To: rhema
How are we to explain the "smartest woman in the world's" repetitious use of "you know"?
QUESTION: Is the appostophe denoting the possessive form in "world's" in the correct position?
85 posted on
02/24/2007 12:38:35 PM PST by
Carolinamom
(Whatever you voted for, you did not vote for failure -- President Bush SOTU)
To: Carolinamom
That should have been "apostrophe. Sorry.
87 posted on
02/24/2007 12:41:50 PM PST by
Carolinamom
(Whatever you voted for, you did not vote for failure -- President Bush SOTU)
To: Carolinamom
How are we to explain the "smartest woman in the world's" repetitious use of "you know"? QUESTION: Is the appostophe denoting the possessive form in "world's" in the correct position? I'm not completely sure, but I think it is. "Smartest woman in the world" seems almost a kind of compound noun, on the order of "The Secretary of State's interpretation was disputed." Maybe someone with a better grammar acumen than mine can give a more authoritative explanation.
96 posted on
02/24/2007 12:50:12 PM PST by
rhema
("Break the conventions; keep the commandments." -- G. K. Chesterton)
To: Carolinamom
"How are we to explain the "smartest woman in the world's" repetitious use of "you know"?

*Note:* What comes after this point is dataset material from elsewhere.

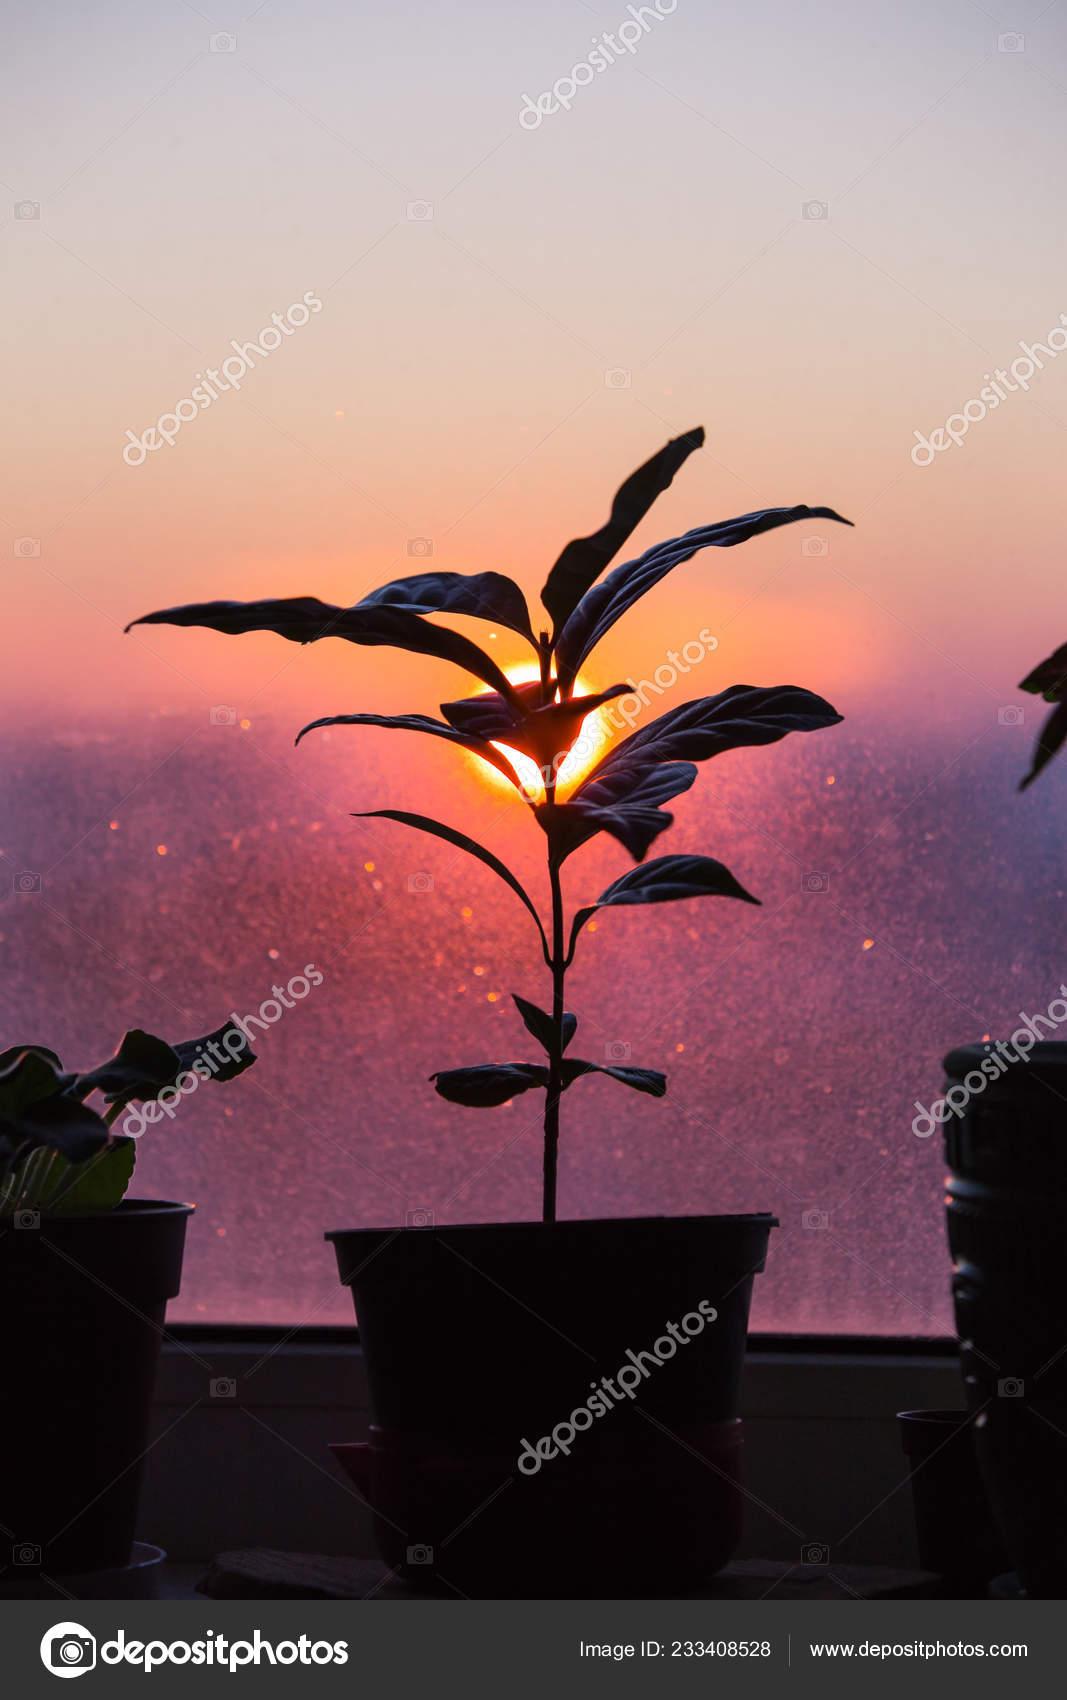 https://st4.depositphotos.com/14740706/23340/i/1600/depositphotos_233408528-stock-photo-coffee-plant-pot-stands-window.jpg

"QUESTION: Is the appostophe denoting the possessive form in "world's" in the correct position?
The apostrophe is correct in that it denotes possession. I would, however, hyphenate the "smartest woman in the world's" to read, smartest-woman-in-the-world's.
105 posted on
02/24/2007 1:01:03 PM PST by
baubau
(BOYCOTT Bank of America for Issuing Credit Cards to 3rd World Illegal Aliens.)